Diperbarui: 19 Januari 2016   00:15

Kompasiana adalah platform blog. Konten ini menjadi tanggung jawab bloger dan tidak mewakili pandangan redaksi Kompas.

“Anak-anak, catat semua yang ibu tulis di papan tulis! Hafalkan, nanti akan keluar di ulangan!”

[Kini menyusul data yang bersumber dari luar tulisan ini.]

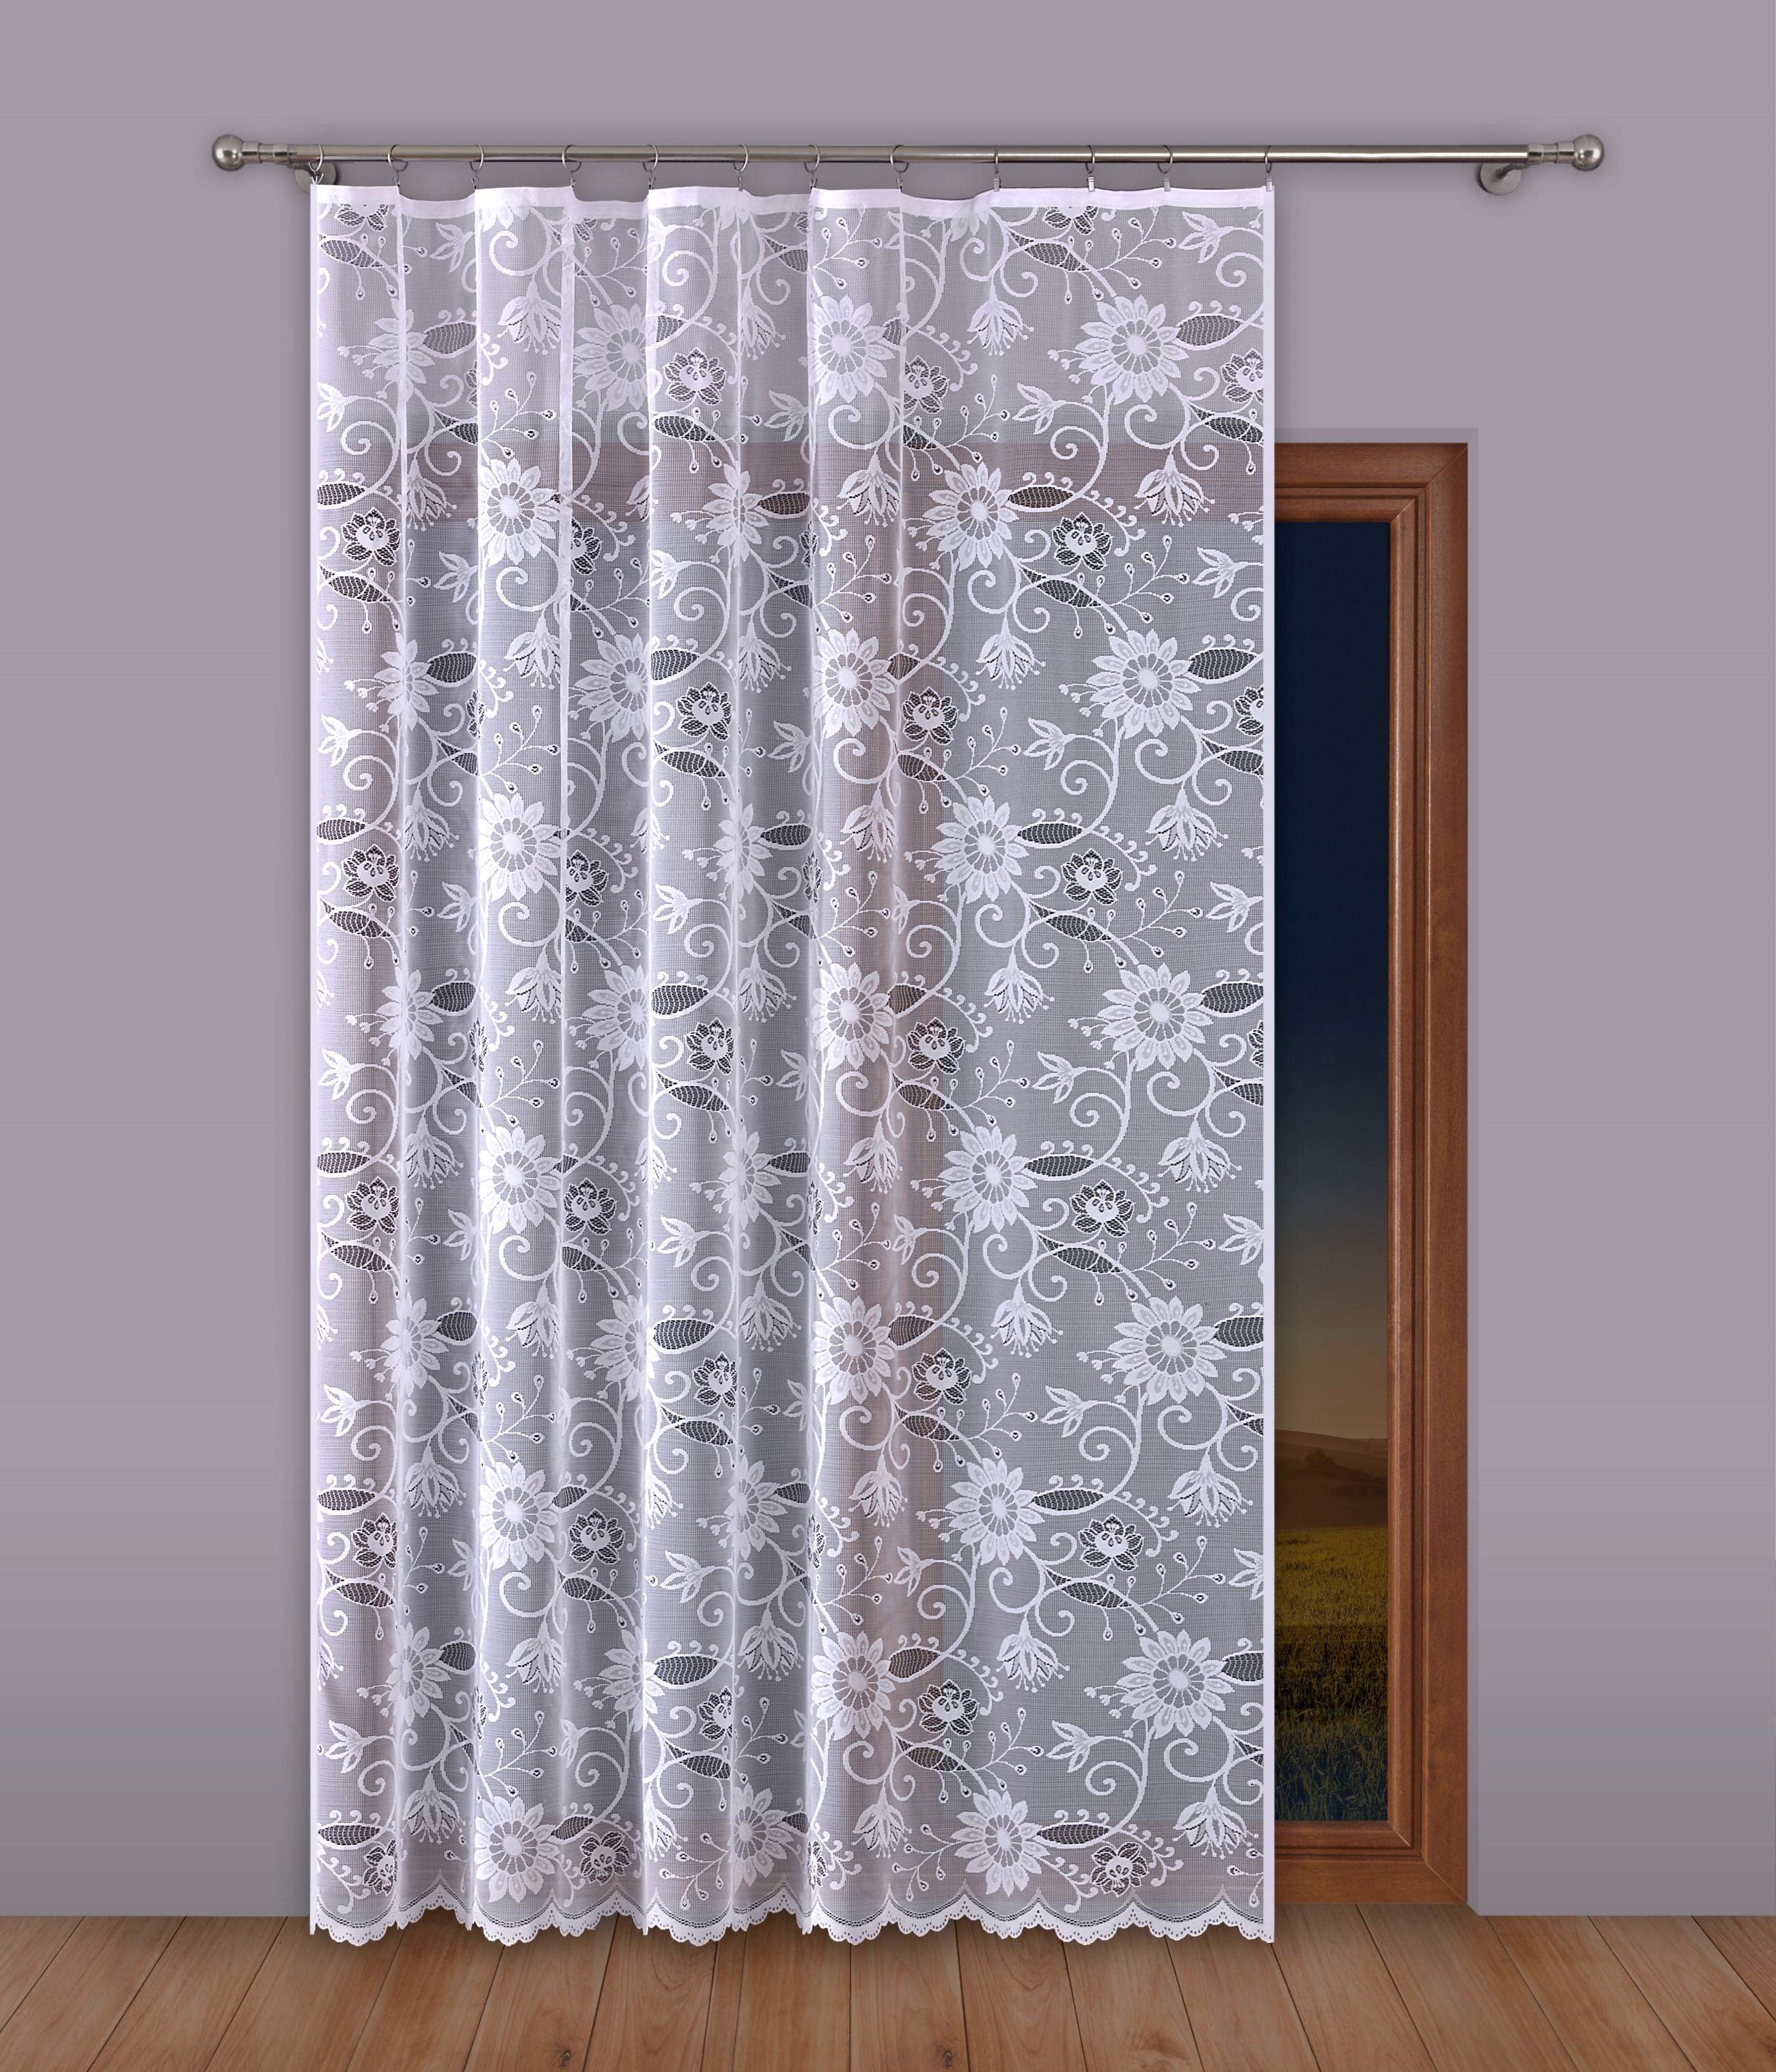 Шторы Primavera Классические шторы Beelzebub Цвет: Белый шторы primavera классические шторы maev цвет белый

Kalimat tersebut adalah kalimat yang sering saya dengar saat saya sekolah. Bagi saya, saat itu, metode tersebut sangat efektif, saya tidak perlu membaca buku cetak, mencoba mencari yang akan keluar saat ulangan, mencari bagian yang penting, dengan mencatat catatan guru maka semua sudah dirangkum oleh guru, saya hanya menghafalkannya dan pasti nilai saya akan bagus karena yang dicatatkan pasti keluar.
Setelah menjadi guru, ternyata saya pernah melakukannya juga. Saya senang dengan hasil ulangan anak-anak yang bagus, saya senang karena catatan anak-anak sesuai dengan harapan saya. Tetapi semua itu berubah ketika ada seorang teman yang berkata:

“Memang nilai muridmu bagus, tapi dengan cara mengajarmu yang seperti itu pada akhirnya akan menjerumuskan mereka?”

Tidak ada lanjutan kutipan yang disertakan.